"""
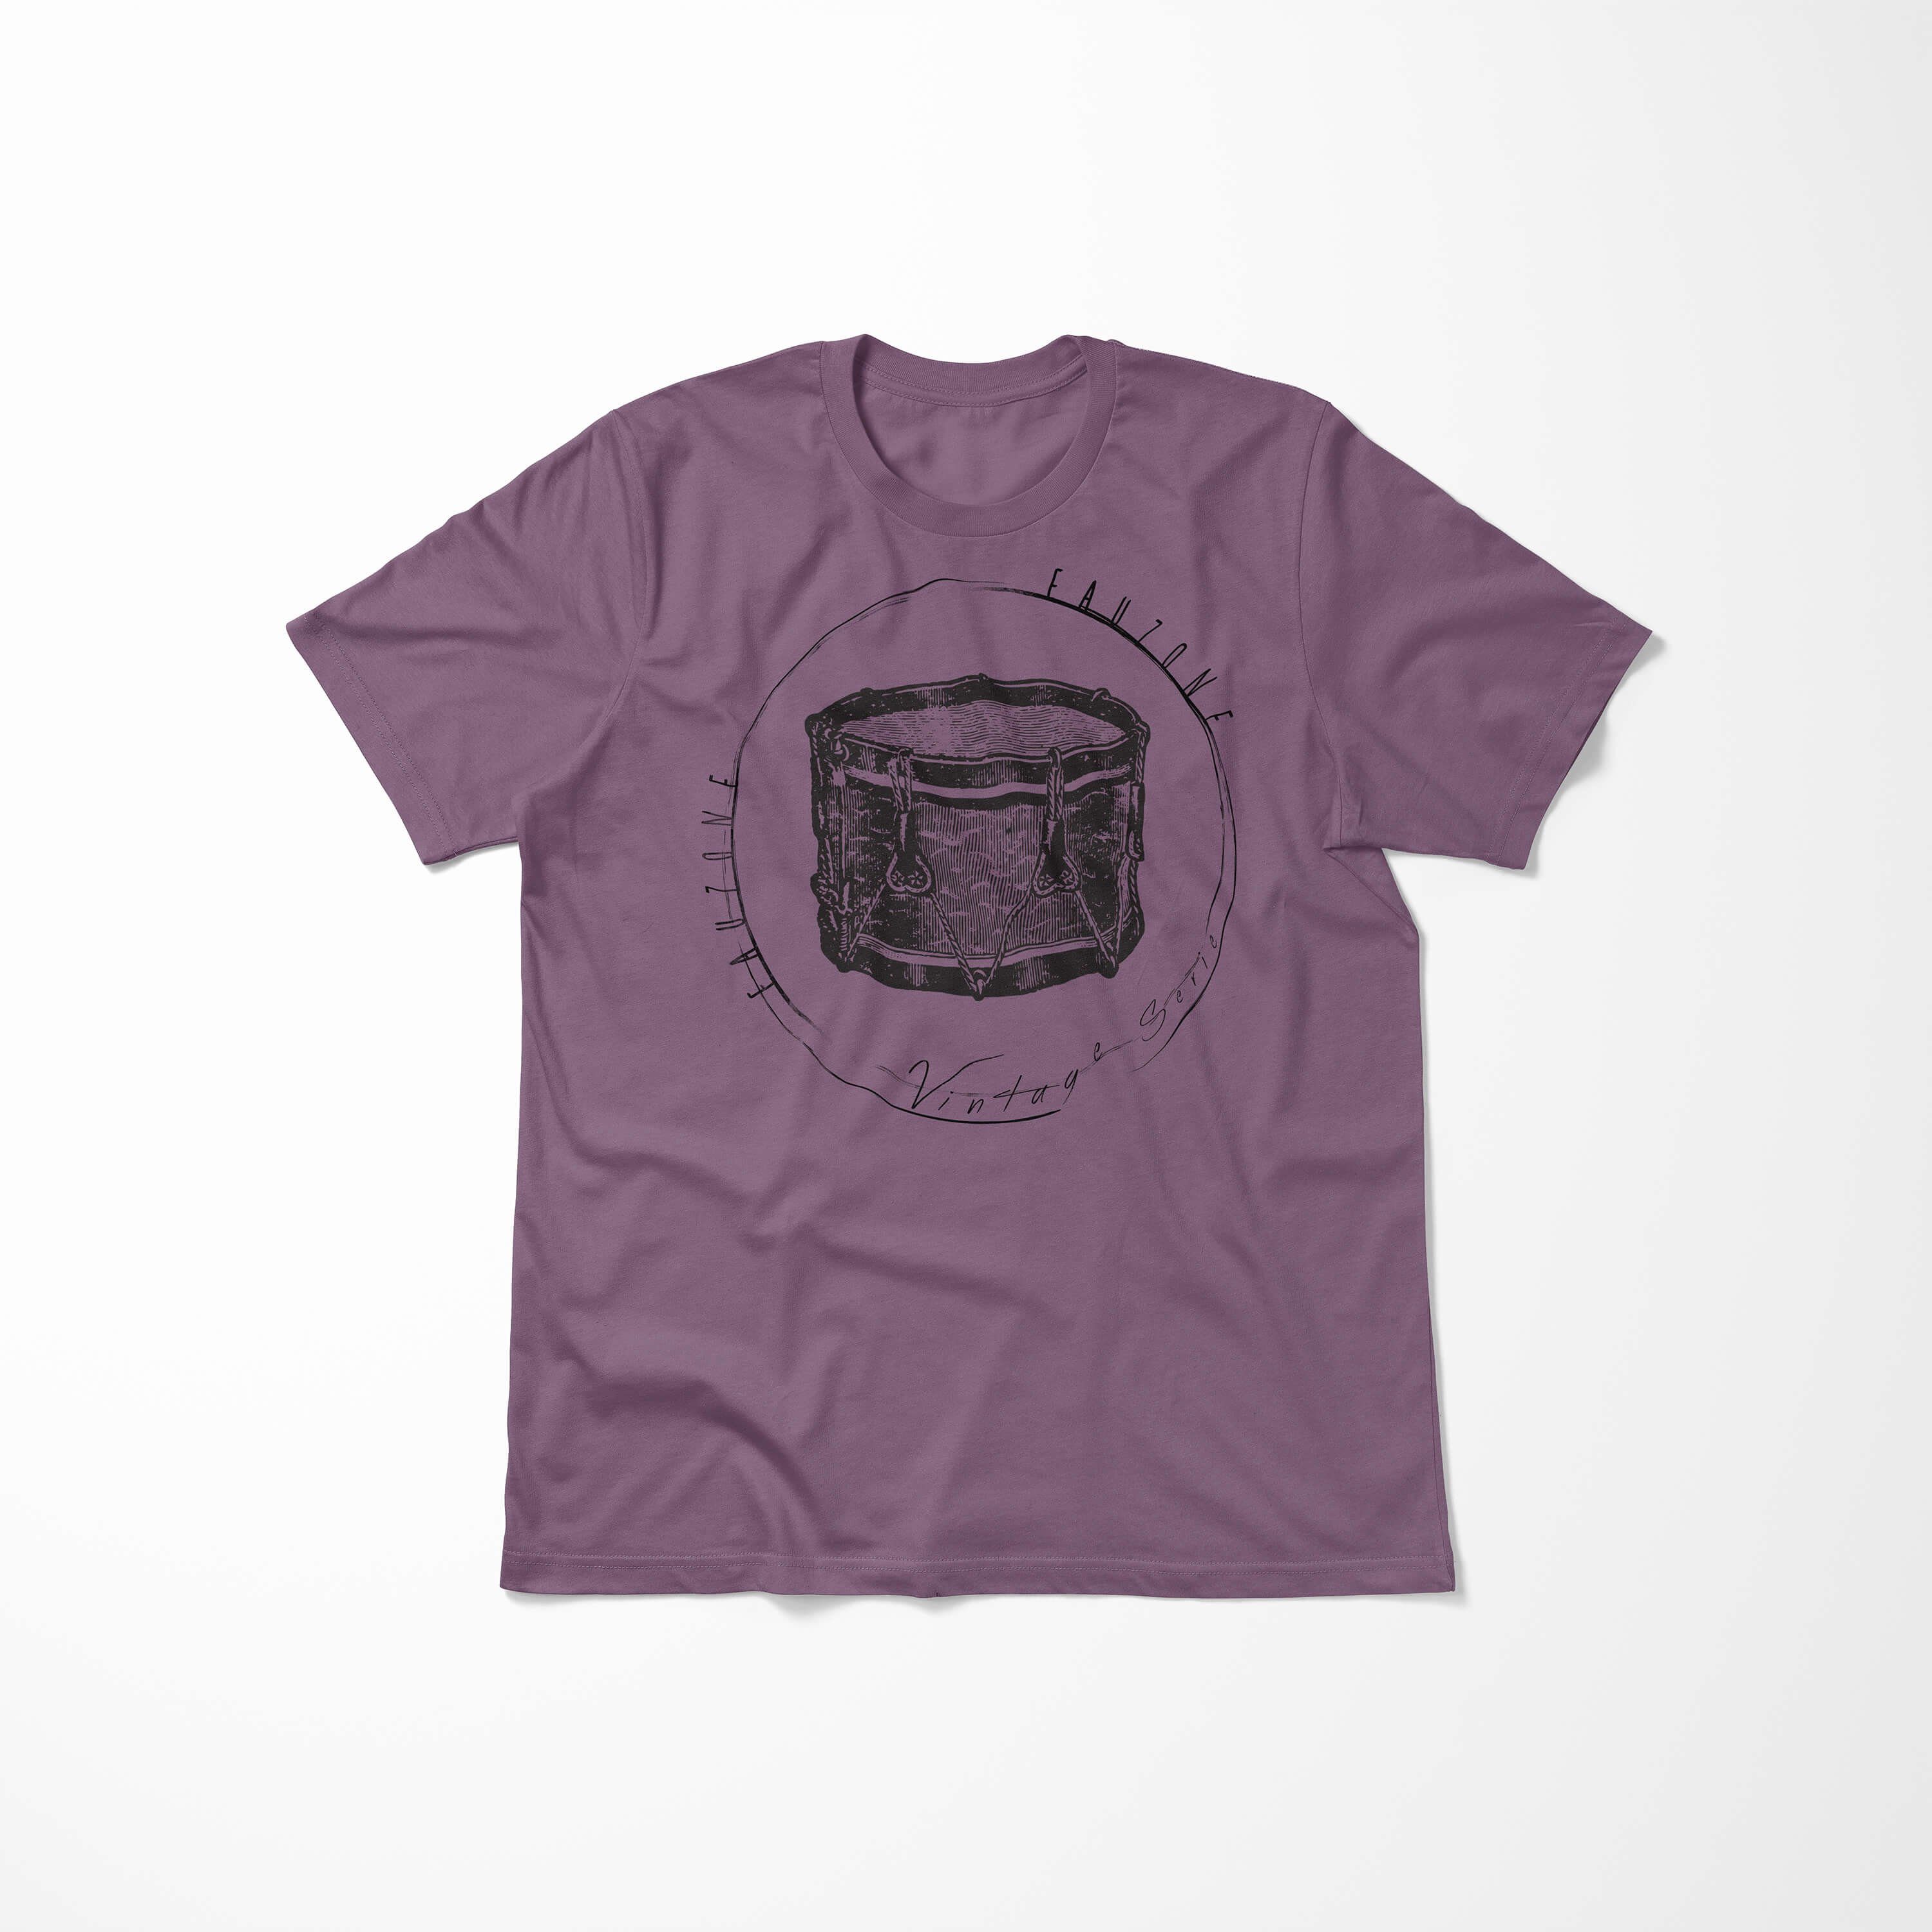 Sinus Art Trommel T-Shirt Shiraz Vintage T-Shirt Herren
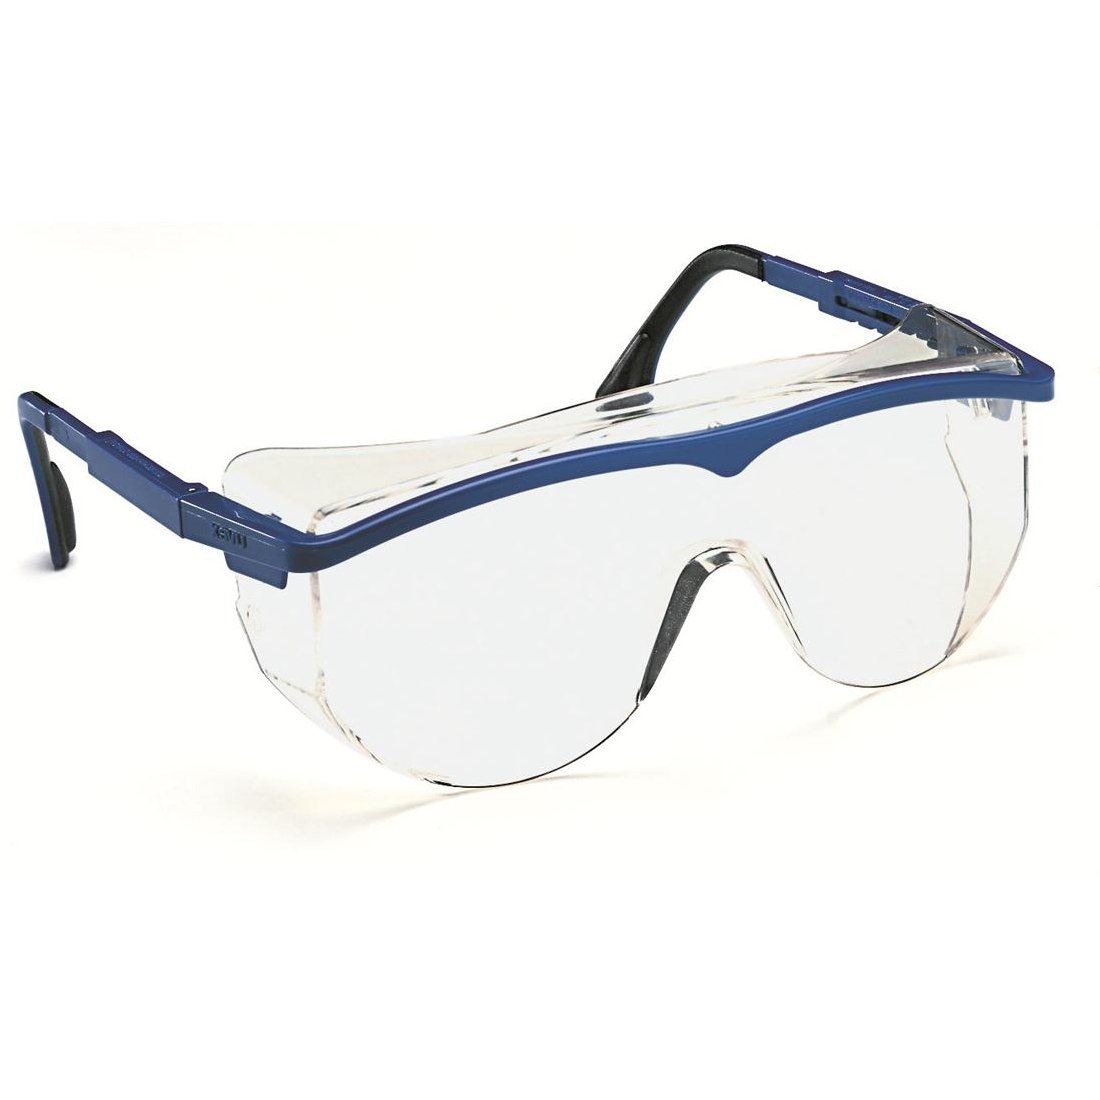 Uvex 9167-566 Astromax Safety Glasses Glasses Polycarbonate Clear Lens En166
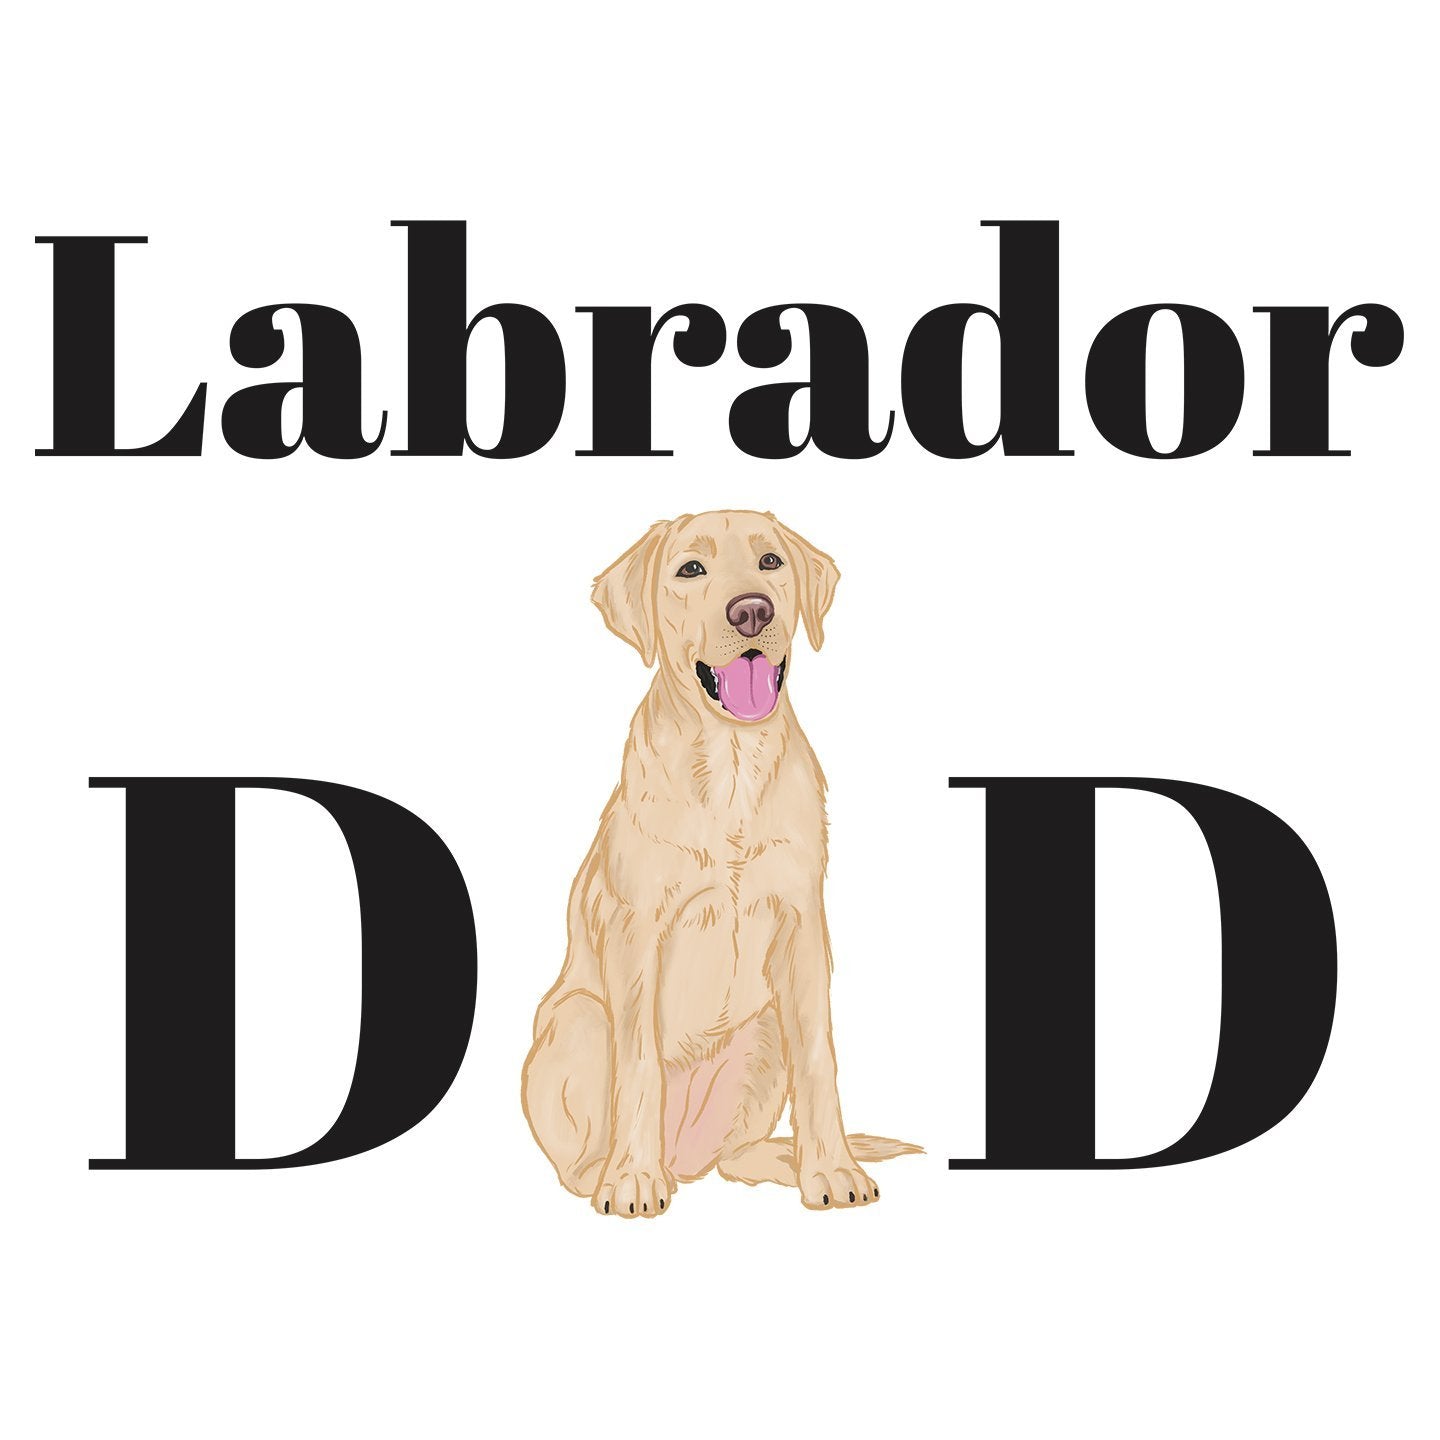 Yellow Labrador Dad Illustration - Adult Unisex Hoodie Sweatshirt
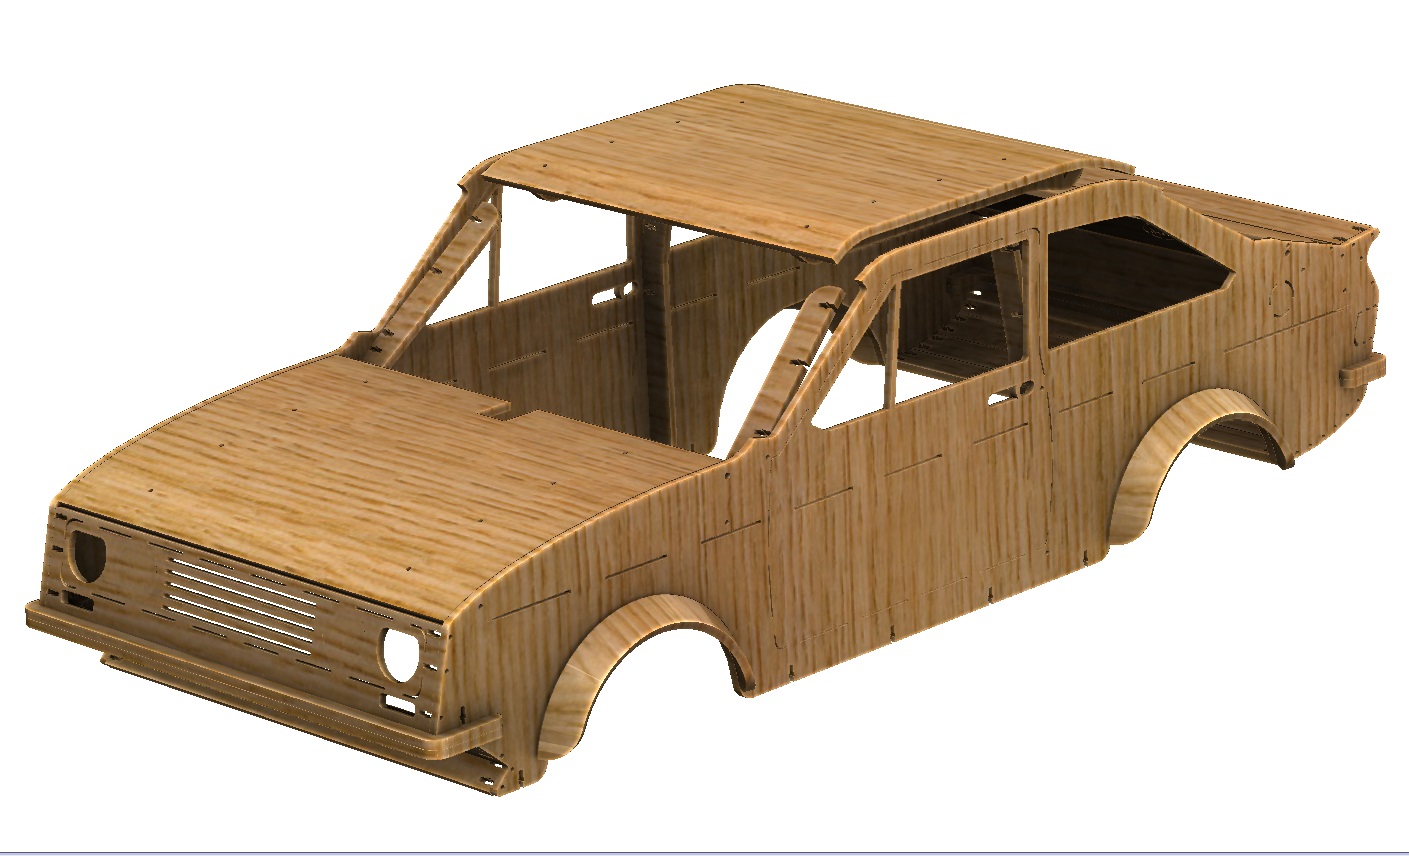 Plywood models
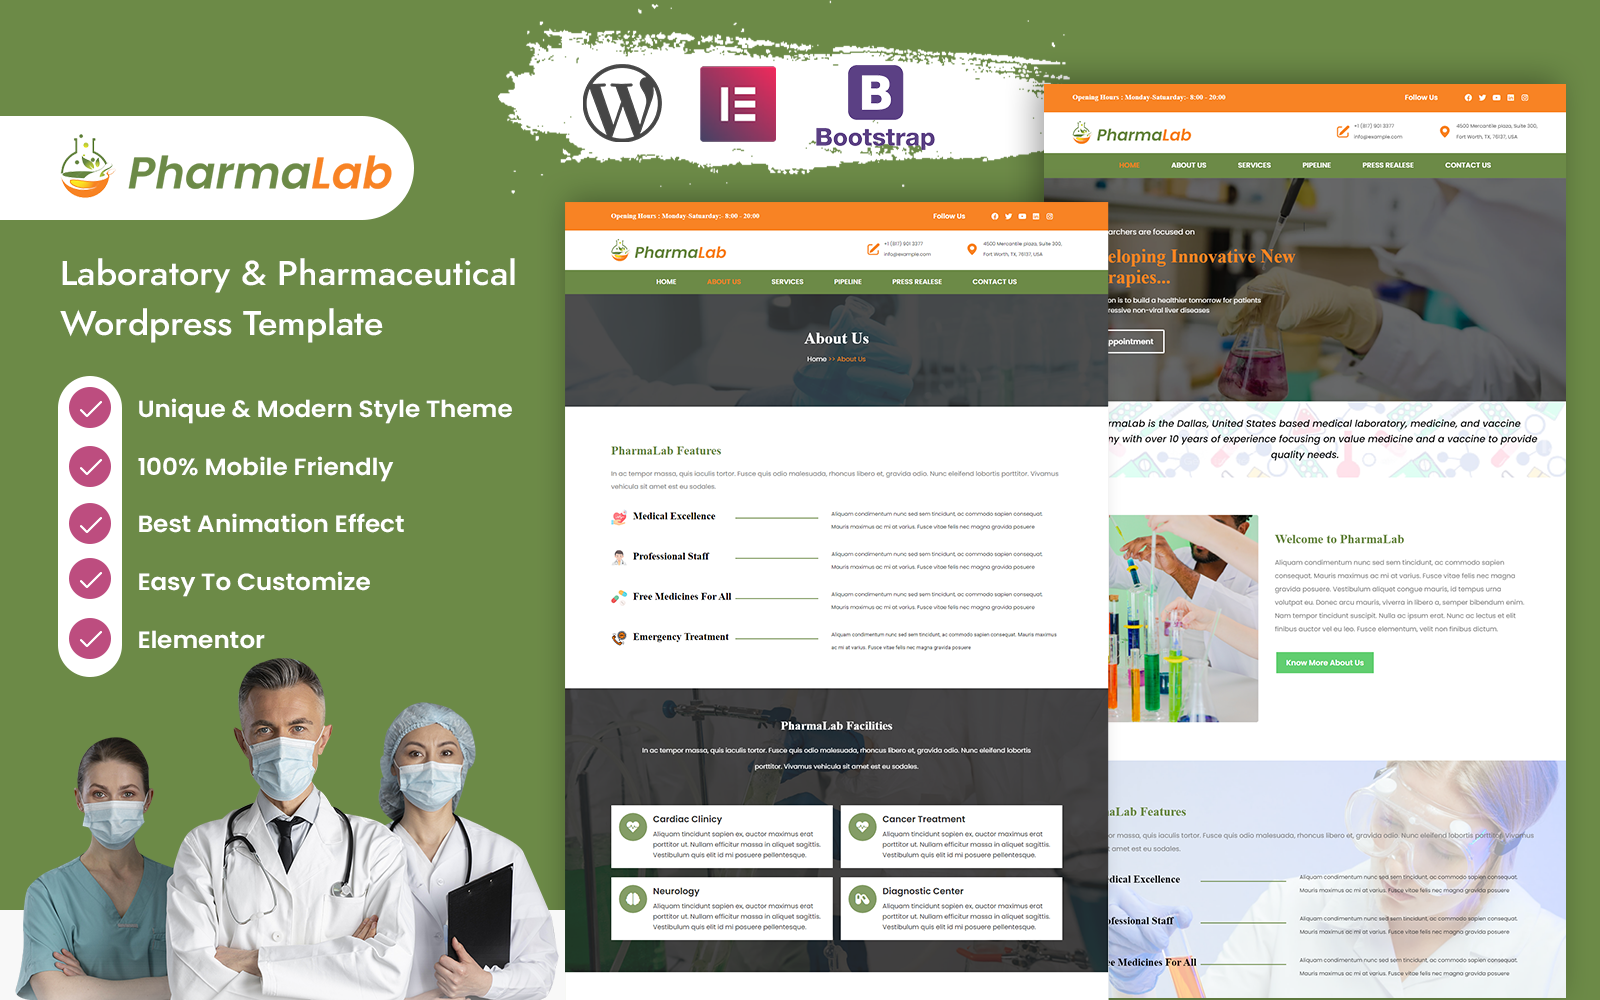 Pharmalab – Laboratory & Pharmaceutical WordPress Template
"""
§ **Goal of the exercise**:
The range to print runs from the line with "Yellow Labrador Dad" through the last line of the entries, both included; keep it exact and skip the pictures.

§ **Answer to the exercise**:
 Yellow Labrador Dad Illustration - Adult Unisex Hoodie Sweatshirt
 Plywood models
 Pharmalab – Laboratory & Pharmaceutical WordPress Template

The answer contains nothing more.